Добавить в цитаты Настройки чтения

Страница 22 из 59

— Друг, — сказал Костя, — а я тебя никуда не отпущу! — и улыбается.

Неужели гипнотизер догадался? Но как? Я недоуменно заморгал.

— Вчера ты мне приготовил сюрприз, сегодня увидишь мой! Долг, известно, красен платежом.

— Костя, душа моя, какой долг? Какой сюрприз?

— А вот и увидишь!

— Но у меня срочные дела!

— Никаких срочных дел у тебя быть не может — я их все уладил!

— Но ты ведь на работе.

— Это тоже работа! — И он в точности вернул мне мои же собственные слова, которыми я еще вчера так удачно склонил Костю. А он к тому же добавляет: — Такое случается раз в год! Считай, что тебе крупно повезло. Одним словом — сюрприз!

Мы вышли, взяли машину, я предложил заехать ко мне: портфель надо было оставить, не тащить же его, такой тяжелый, с собой.

Когда отъезжали от нашего дома, я увидел, как в мой подъезд вошла Лина.

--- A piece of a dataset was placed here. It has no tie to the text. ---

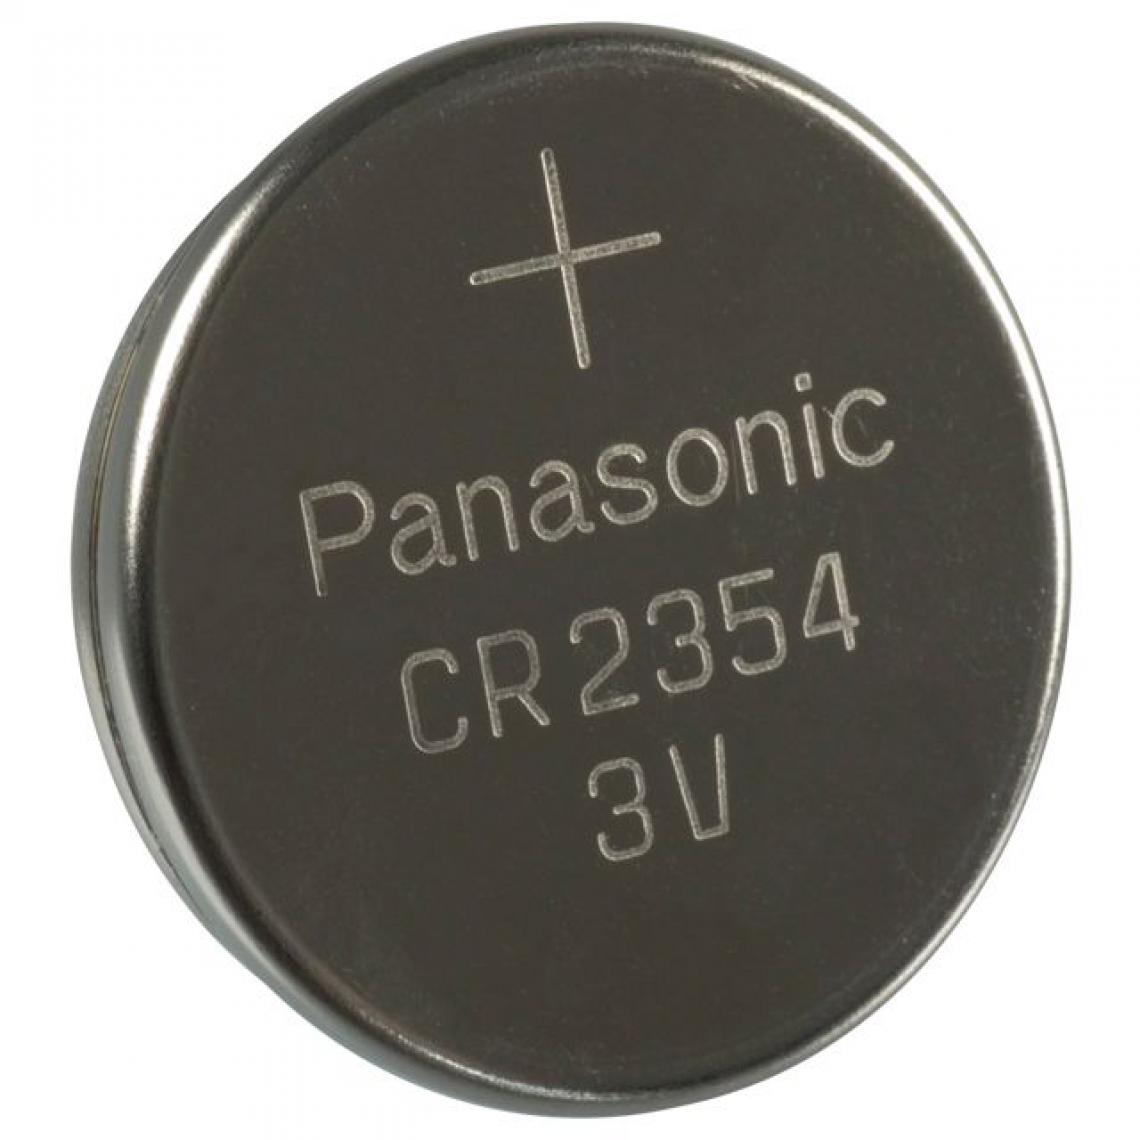 Panasonic - Rasage Electrique - Pile bouton PANASONIC CR2354 3V - Piles rechargeables

Хорошо, что она нас не увидела!.. Ничего, навестит тетю, помянут бабушку, а мы встретимся перед гипнозом. Как можно отказать Косте, когда он обещает сюрприз?

10

Уж не в тягость ли твоим плечам бедовая твоя голова? Готовься!.. Из народного сказания

Доехали до старого, с железной крышей дома на окраине города и остановились. Костя не дал мне расплатиться, сказал, что сегодня расходы берет на себя.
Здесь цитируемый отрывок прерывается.